“Nothing visible in the way of a handle, you see?” he pointed out. “The panelling’s quite smooth.”

He dropped the tapestry into place again and came back to the table.

“Now this leather disc,” he picked it up as he spoke. “You suggested to us that it might be a child’s toy. That was what eventually put me on the track. It is a child’s toy. I’ve played with one like it when I was a child myself, though I haven’t seen one for years now. Possibly the modern child doesn’t use things of that sort. But in my young days they used to call them ‘suckers.’ Here’s one in its normal state.”

He drew from his pocket a disc of leather with a loop of twine attached, exactly like the Corinthian relic, except that Westenhanger’s leather was soft and moist.

“I’ll show you how it works.”

He dipped it for a moment into the glass of water, then placed it flat on the table with the twine loop on the upper side.

“Now I squeeze it into contact with the table, so as to exclude all air between it and the wooden surface.
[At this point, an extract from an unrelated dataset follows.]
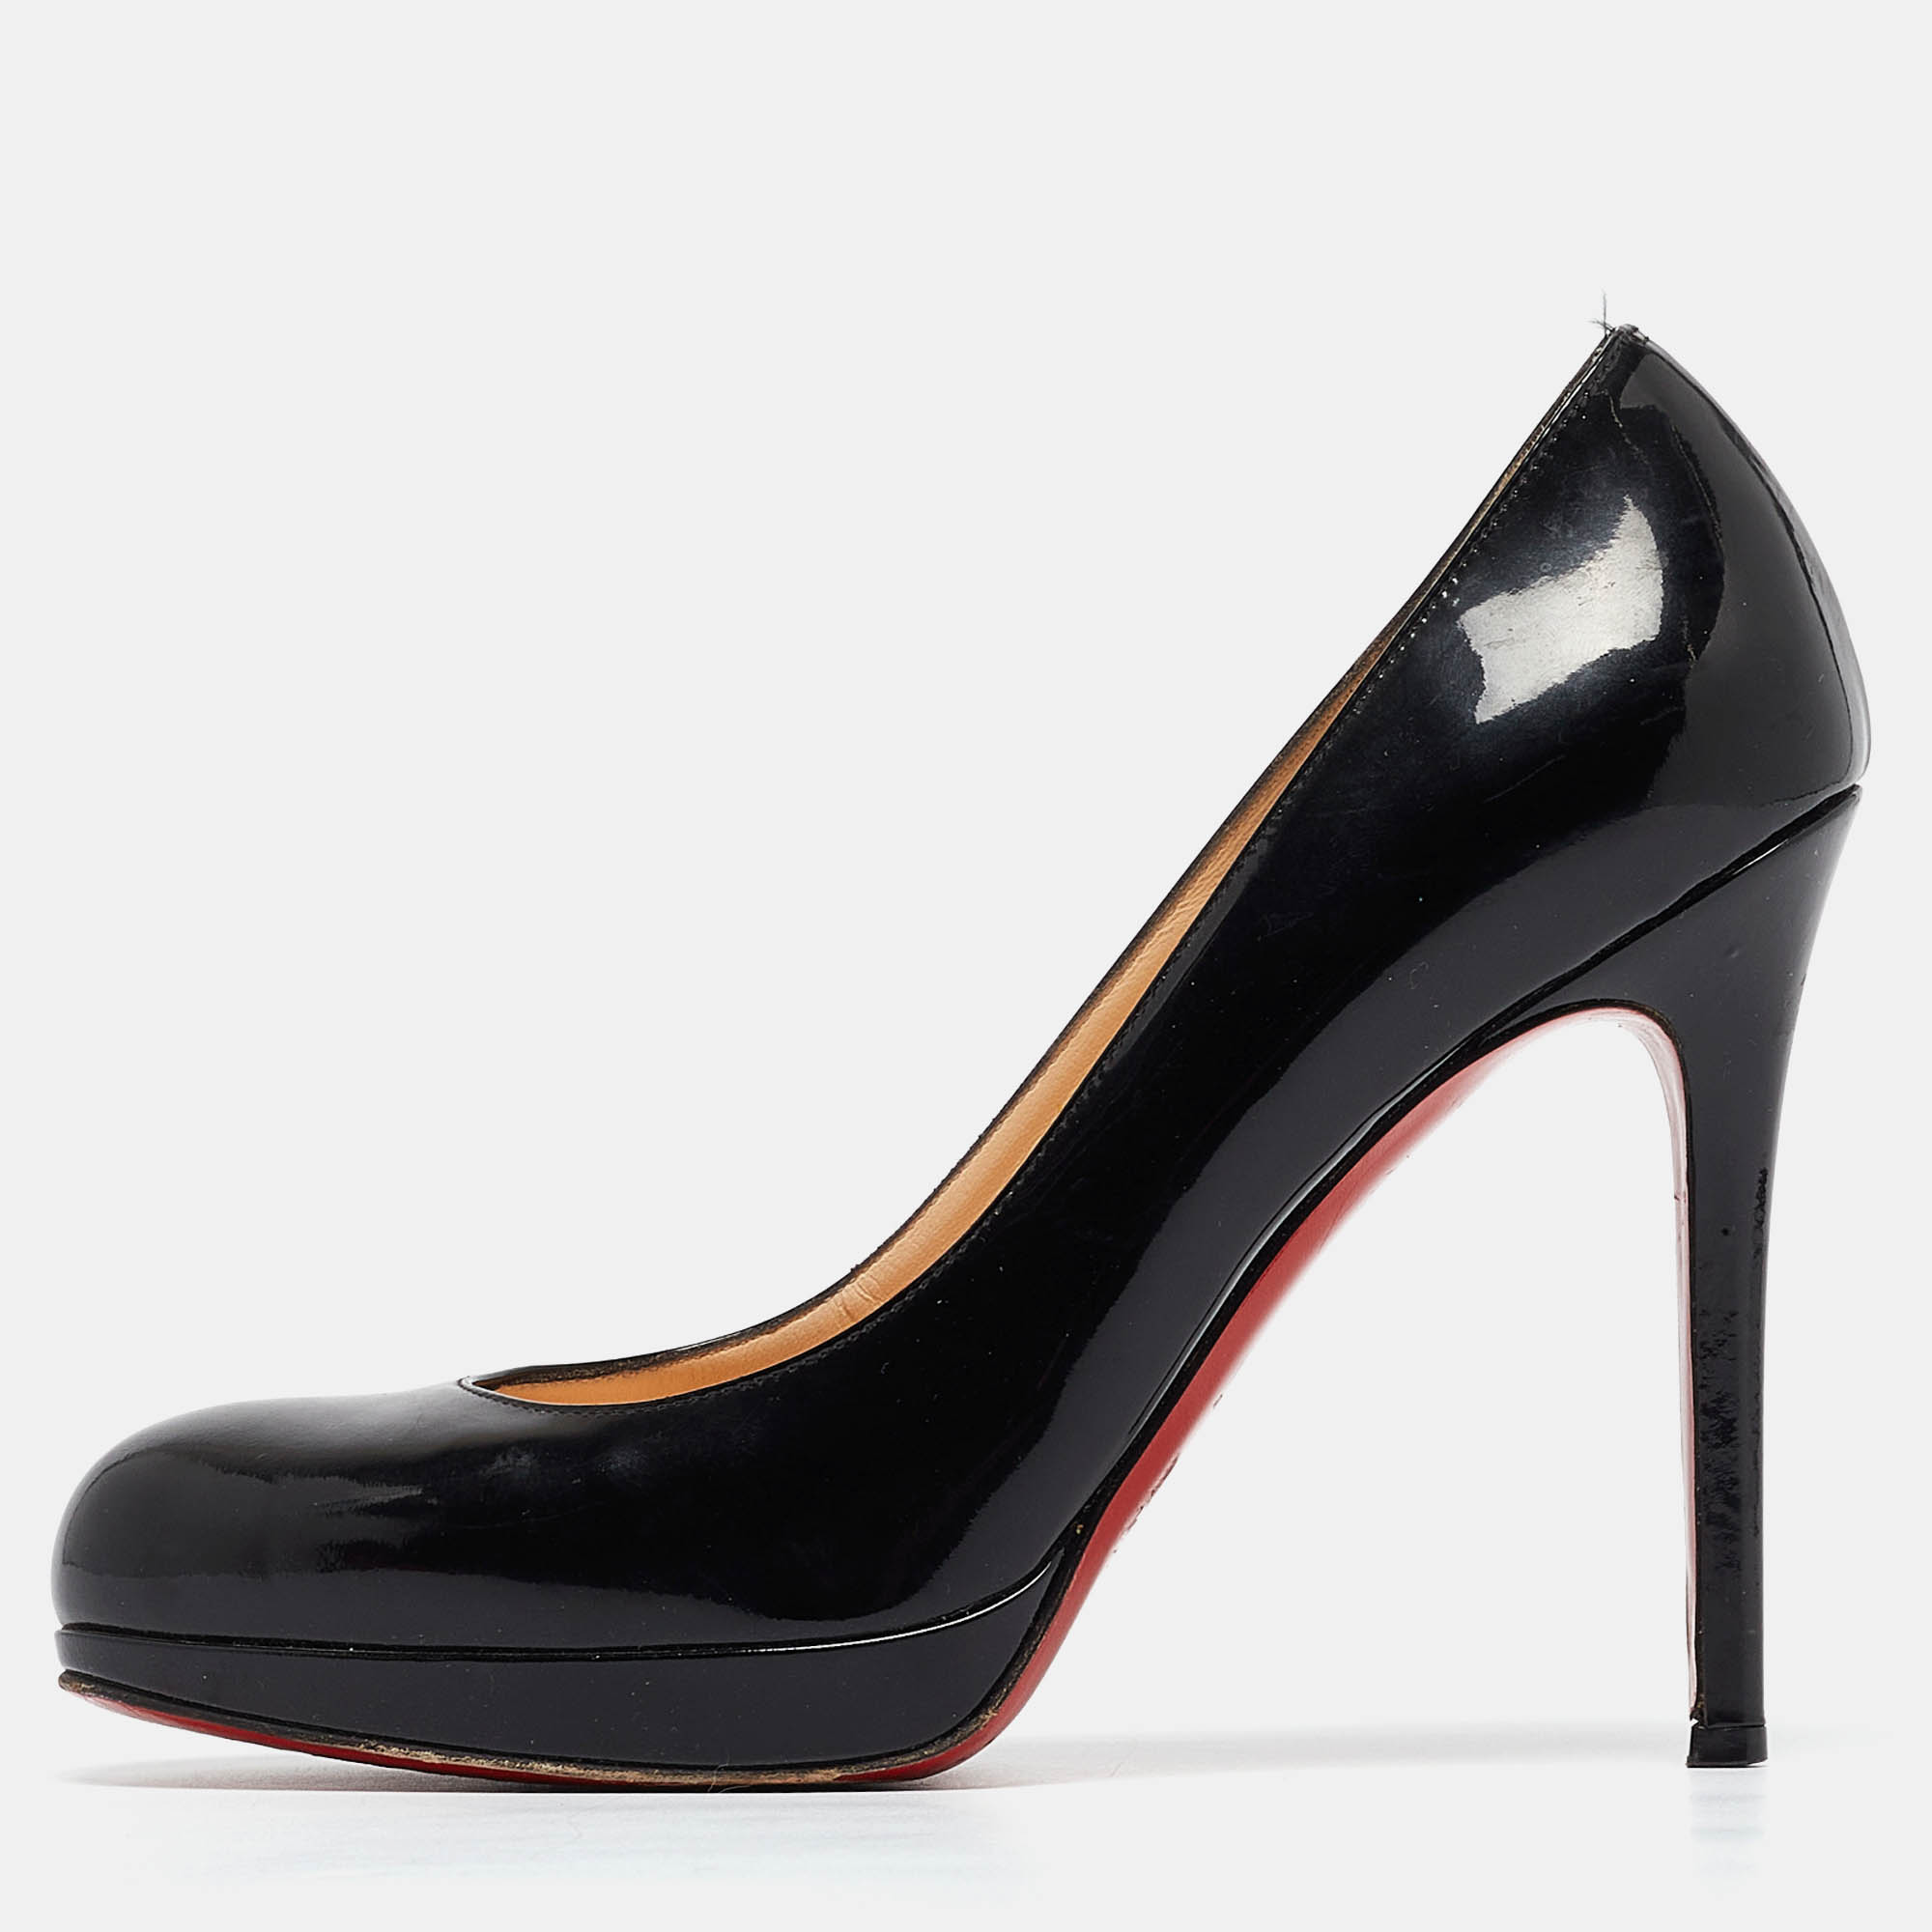 Christian louboutin black patent leather new simple pumps size 37

The water acts as a seal. That’s right. Now I pull vertically upwards on the twine. You see the centre of the disc is pulled up by the twine. That makes a vacuum between the leather and the table; and the pressure of the atmosphere pins the ‘sucker’ to the wood. The harder you pull, the faster it sticks. It’s exactly the way a limpet sticks to a rock; and you know how tight that clings. With a thing of this size, I could lift an ordinary paving stone out of its bed. We used to pull up quite big stones with them when I was a kiddie.”

By levering the ‘sucker’ adroitly he loosened it from the table, just as a limpet is slid off its bed by a side-thrust.

“I think the rest’s obvious. The Corinthian wanted some means of pulling out that particular panel without leaving any mark or attaching a handle. He used this sucker for the purpose. I’ll show you.”

He went over to the arras, lifted it, and attached his leather disc at the point where the needle had been. A slow, steady pull on the twine completed the work, and a large piece of the panel came forward, evidently the end of a drawer fitting back into the wall of the room.